In which I’m mostly flat…

Most of the time living here in Vancouver I feel like I’m on a great adventure. Every day brings a fresh discovery; I eat something I’ve never tried before, see birds I’ve never seen, meet new people – I love it. However, the problem with being so very far from home is that when things go wrong, you feel every single millimeter of the distance. I’m not OK at the moment. I’ve been flat on my back for the past week, can’t walk properly and it looks like I’ll be that way for a while more.

This has been my view for the past few days. I am BORED.

This has been my view for the past few days. I am BORED.

Being unwell when you’re by yourself is never much fun. Turns out being unwell when you’re by yourself AND thousands of miles from everyone you love really sucks. If I were just by myself, I could probably stick it out thanks to grocery delivery companies, Netflix and Skype, but I’m not alone; I have my dog and he needs to be walked. Right now, I feel like Blanche duBois in Streetcar, having to ‘depend on the kindness of strangers’. I know I’d be fine in Brighton, I’ve known my friends there so long that we’re family to each other, but I’ve only been here seven months and when it’s ‘new’ friends, you have to wonder just how far you can push asking for favours. I feel lucky that my neighbour Wendy is a sweetheart and so I don’t feel bad calling to ask for help and I’m even luckier in my friend Van who’s popped by after long days at work to take him out too.

The other thing with not being well is that your circle of health-support that you’ve spent years building isn’t there any more; Tom my acupuncture guy at the Anahata, the amazing William at the Treatment Rooms, even my doctor who’s known me for years… all at least 10 hours flight away in Brighton! I feel pretty blessed that months ago when I was creaking with pain, I checked local paper The Georgia Straight to find a massage therapist and discovered aces Nicole Van Damme who pointed me in the direction of top chiropractor Dr Jamie Hennessy. He’s been absolutely amazing – if you follow me on Twitter you’d know I’ve been banging on about how great he is for ages. You can spend months, years trying to find a great practitioner so the relief when I limped into his office with agonising sciatica – and then walked out half an hour later, was overwhelming.

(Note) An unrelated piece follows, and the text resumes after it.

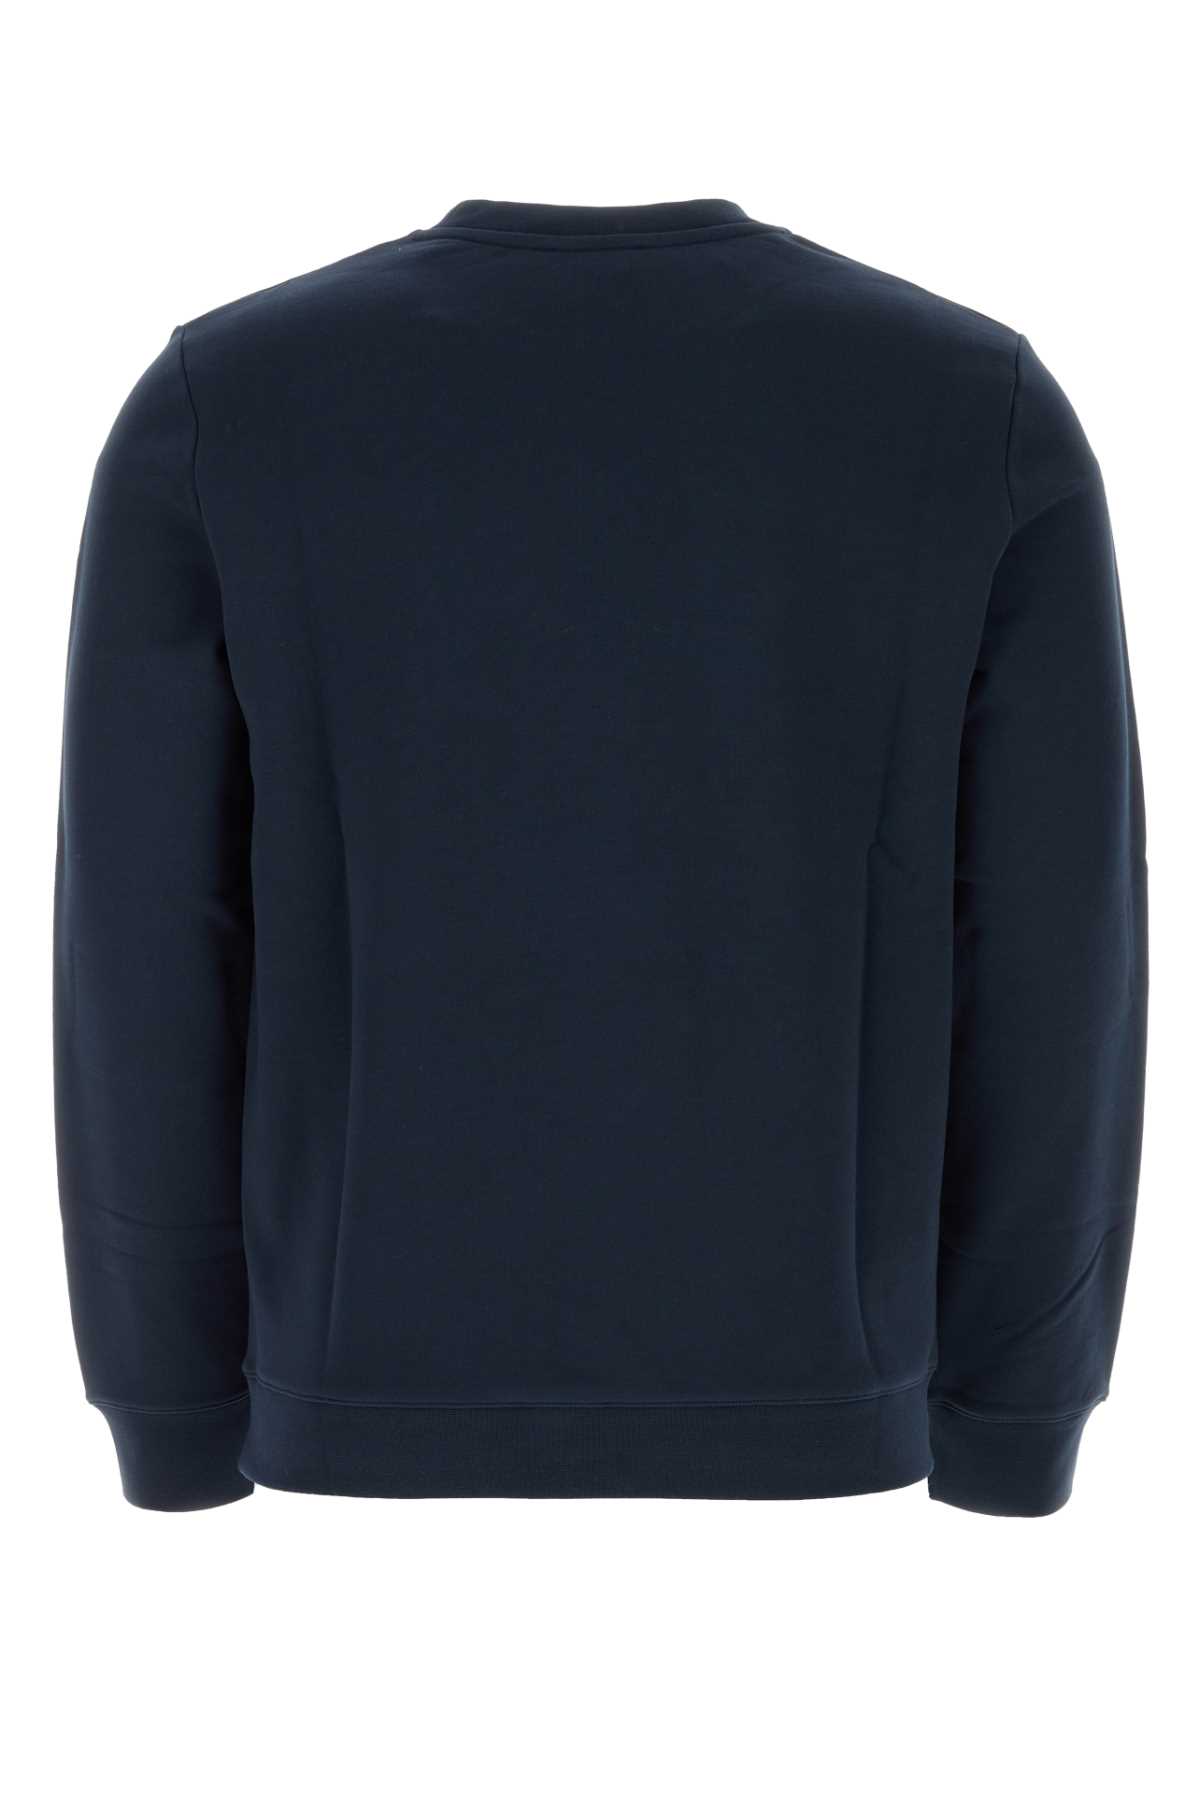 Shop Apc Navy Blue Cotton Sweatshirt In Iaj
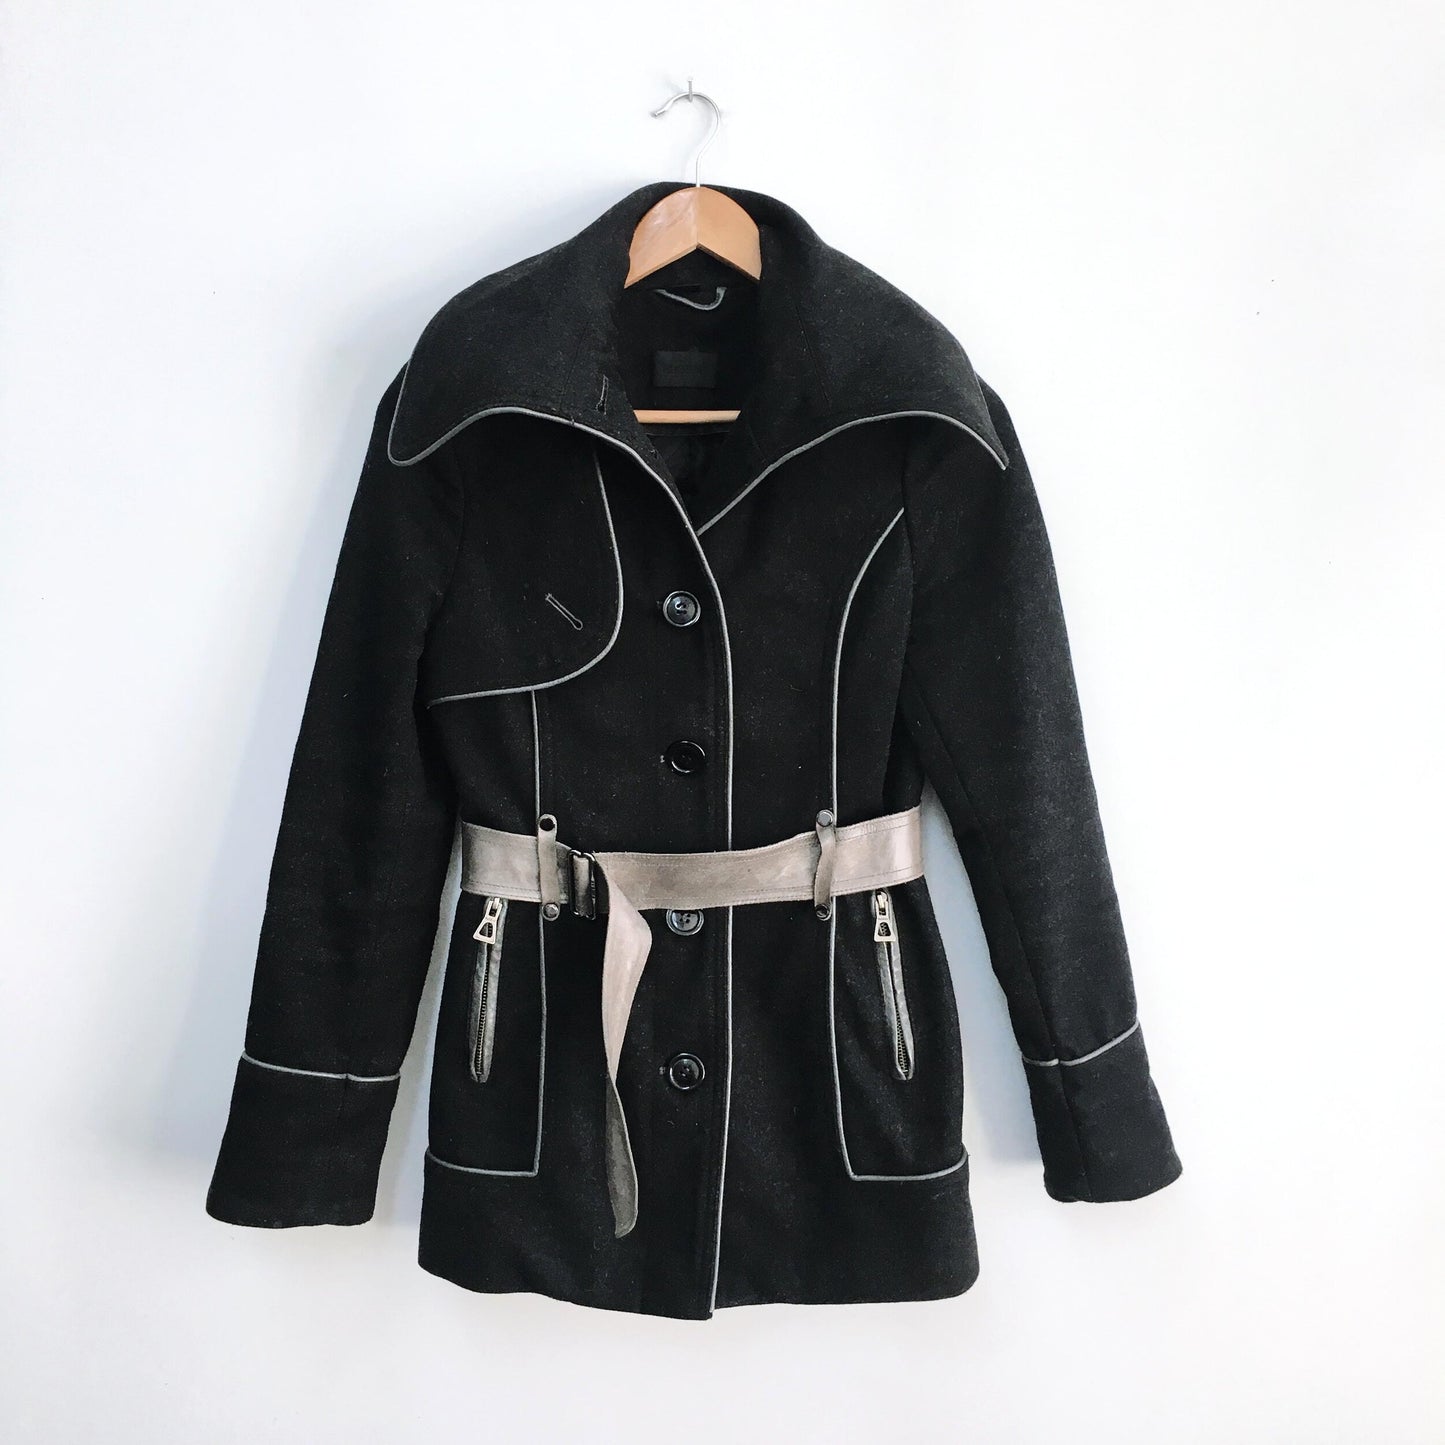 Rudsak Wool Jacket with Leather trim - size xs

Seriously. He wears this hat, like, all the time.

Seriously. He wears this hat, like, all the time.

This new bit of grimness stems from falling in Quebec all those weeks ago. I’ve damaged a muscle and need to lie around, my leg elevated over my head, icing it every couple of hours for the next few days. I need to get the swelling and inflammation down or I could be in trouble. Jamie’s been brilliant, emailing me back – out of hours – offering advice and reassurance. When I go and see him at Back To Health (here’s the number – I totally recommend him T: 604-742-0011), I appreciate that he takes the time to explain exactly what the issue is, why it’s a problem and what the plan to fix it is. He’s straight with me and although I might occasionally yelp at some of the adjustments that he does, (and wonder why he seems to heh-heh-heh cackle as he does the most evil of them) I always feel better afterwards.

Actually, I feel a bit better just writing this down too. OK, so I don’t have the circle that I had before, but if I think about it, I’m making a new one. And if moving here was a leap of faith then I suppose I need to apply that to living here too – trusting that things will work out and that strangers – and new friends – are kind. I guess that’s part of the expat experience, making that transition where you stop depending quite so much on ‘home’ and and start depending on those strangers who’ve become friends.